Yeah?  BUT, WAIT A SECOND.  $T$ is normal, and so by that lemma in the previous section, $\|T(e_{1})\| = \|T^{\ast}(e_{1})\|$!  Then, we have that

$|a_{1,1}|^{2} = |a_{1,1}|^{2} + |a_{1,2}|^{2} + \dots + |a_{1,n}|^{2}$

which means that everything besides $a_{1,1}$ is 0! WHAT.  Yes.  Really.  Check it.  Getting rid of the $|a_{1,1}|^{2}$‘s from both sides leaves us with

$|a_{1,2}|^{2} + \dots + |a_{1,n}|^{2} = 0$

and because all of these values are non-negative, it follows that all of them are zero.

Now, let’s do this for the rest of the $e_{i}$‘s.  In general, we have

$\|T(e_{i})\| = \|T^{\ast}(e_{i})\|$

$= |a_{i,i}|^{2} = |a_{i,i}|^{2} + |a_{i,i+1}|^{2} + \dots + |a_{i, n}|^{2}$

which means that only $a_{i,i}$ is potentially non-zero, and everything else is zero.  This means that our matrix

$M(T) = \left(\begin{array}{ccc}a_{1,1}& &0 \\ & \ddots & \\ 0 & & a_{n,n}\end{array}\right)$

which means that $M(T)$ is diagonal. Note, then, that the non-zero diagonal entries are eigenvalues (as $T(e_{i}) = a_{i,i}e_{i}$) with the associated eigenvectors $e_{i}$!  This means that we actually have that our basis is an orthonomal basis made of eigenvectors.  Which is what we wanted!  $\Diamond$.

This tells us a lot.  If we have $T$ is normal, then we can say a lot about the way that $V$ can be decomposed.  In fact, if $T$ is normal and $V$ is complex, then we can actually have one of the nicest decompositions of $V$!

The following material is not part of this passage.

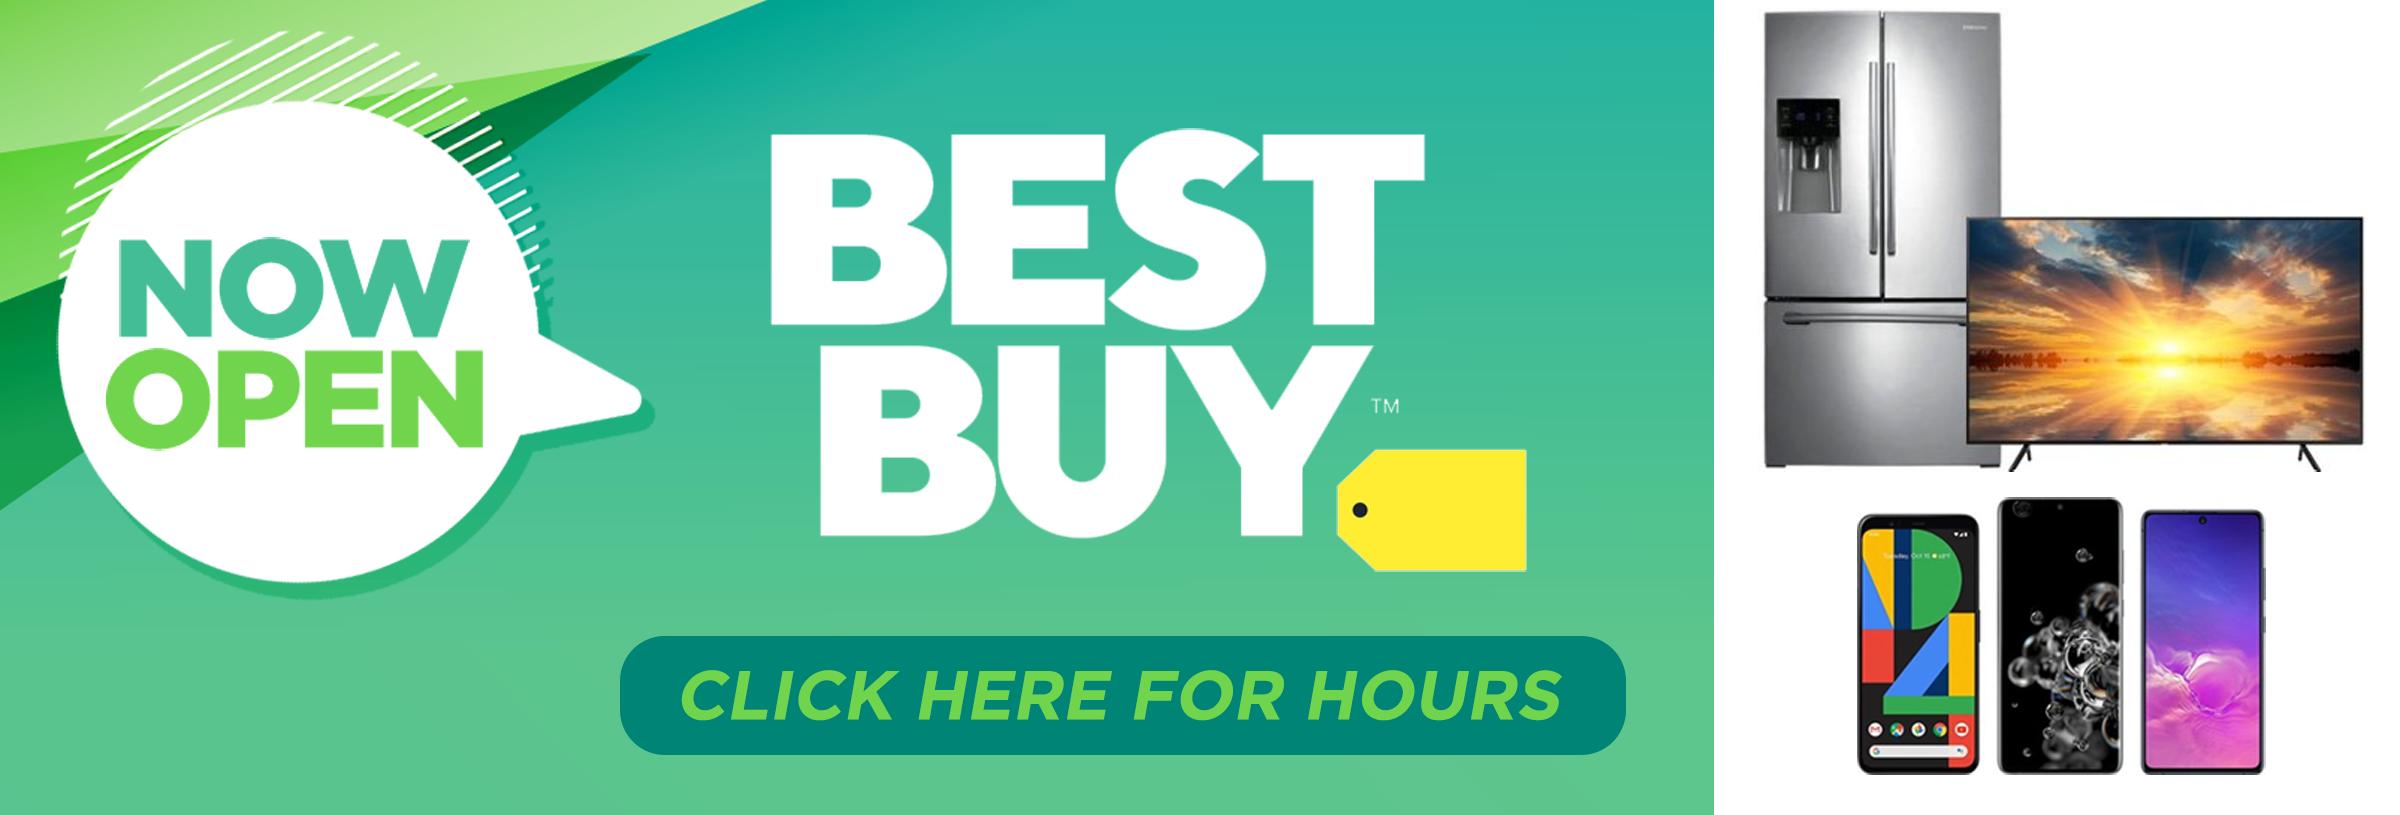 Best Buy Now ReOpen Graphic Hero Slider 2

Next time, we will plow right on through to the reals version of the spectral theorem.  The proof (which I will essentially be paraphrasing from Axler, as usual.) is actually significantly different from the proof of the complex case, and it requires a few theorems which will not seem to be at all related until we actually do the proof.  The reason I’m doing the real version of the proof, and including all those little weird lemmas, is because it actually does tell us quite a bit about the character of real spaces which are the kind of spaces that I feel we’re most familiar with.

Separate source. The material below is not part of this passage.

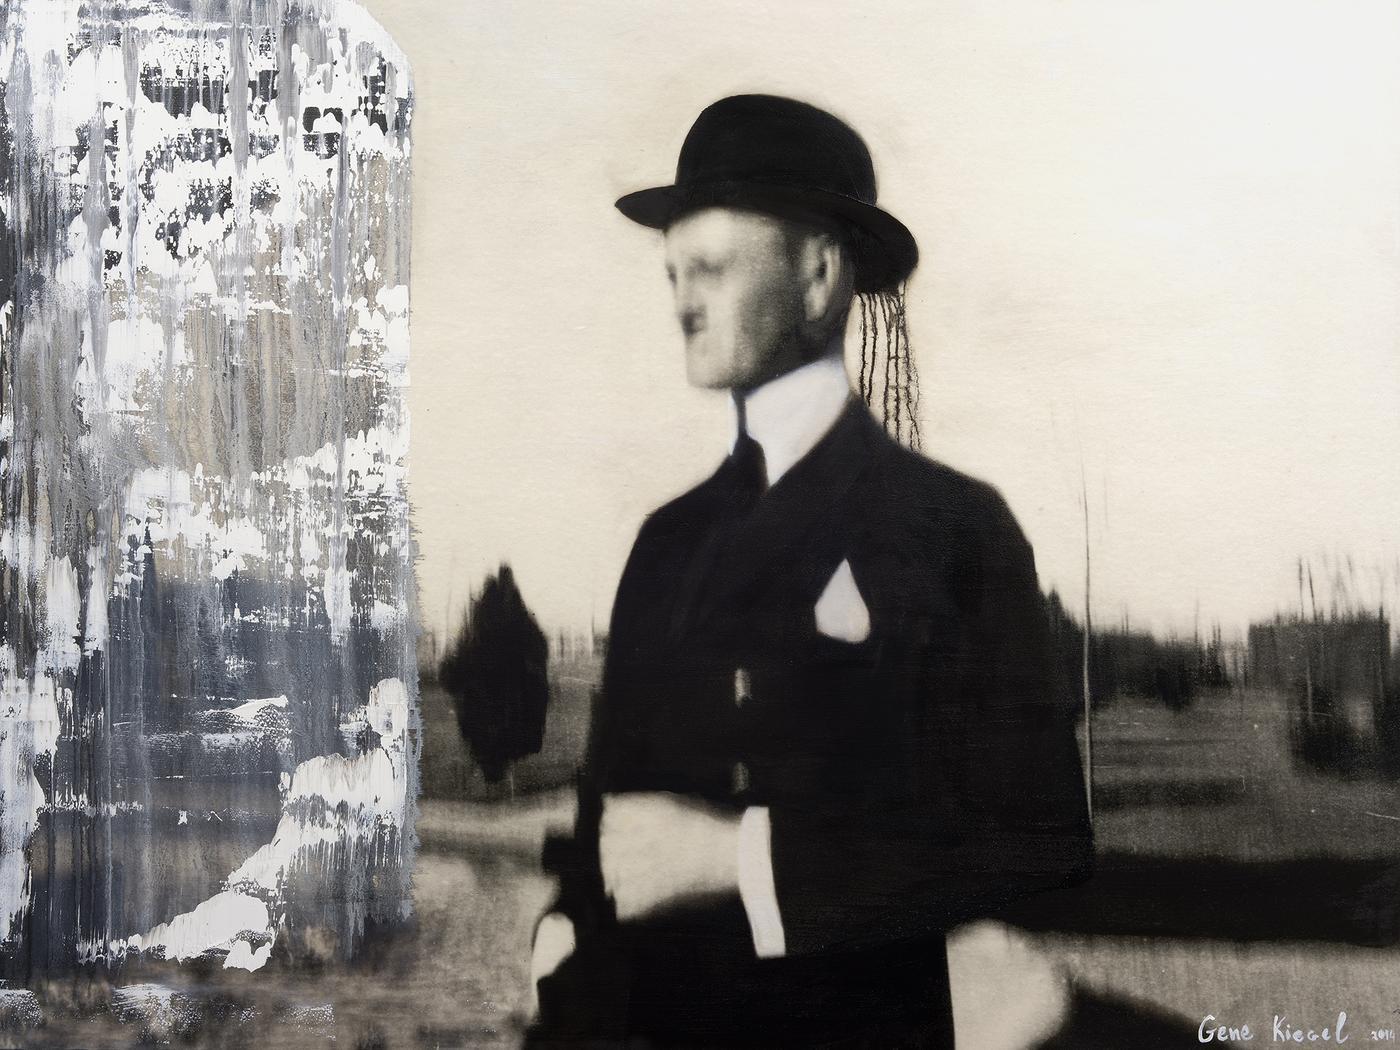 Gene Kiegel

The secret, which I’ll tell you now, is that for real spaces we essentially replace “normal” with “self-adjoint” and the same conditions hold.  This is kind of nice, but because self-adjoint is a much stronger condition (self-adjoint actually implies normal.  why?) there are fewer maps that actually satisfy the real spectral theorem.  Sad.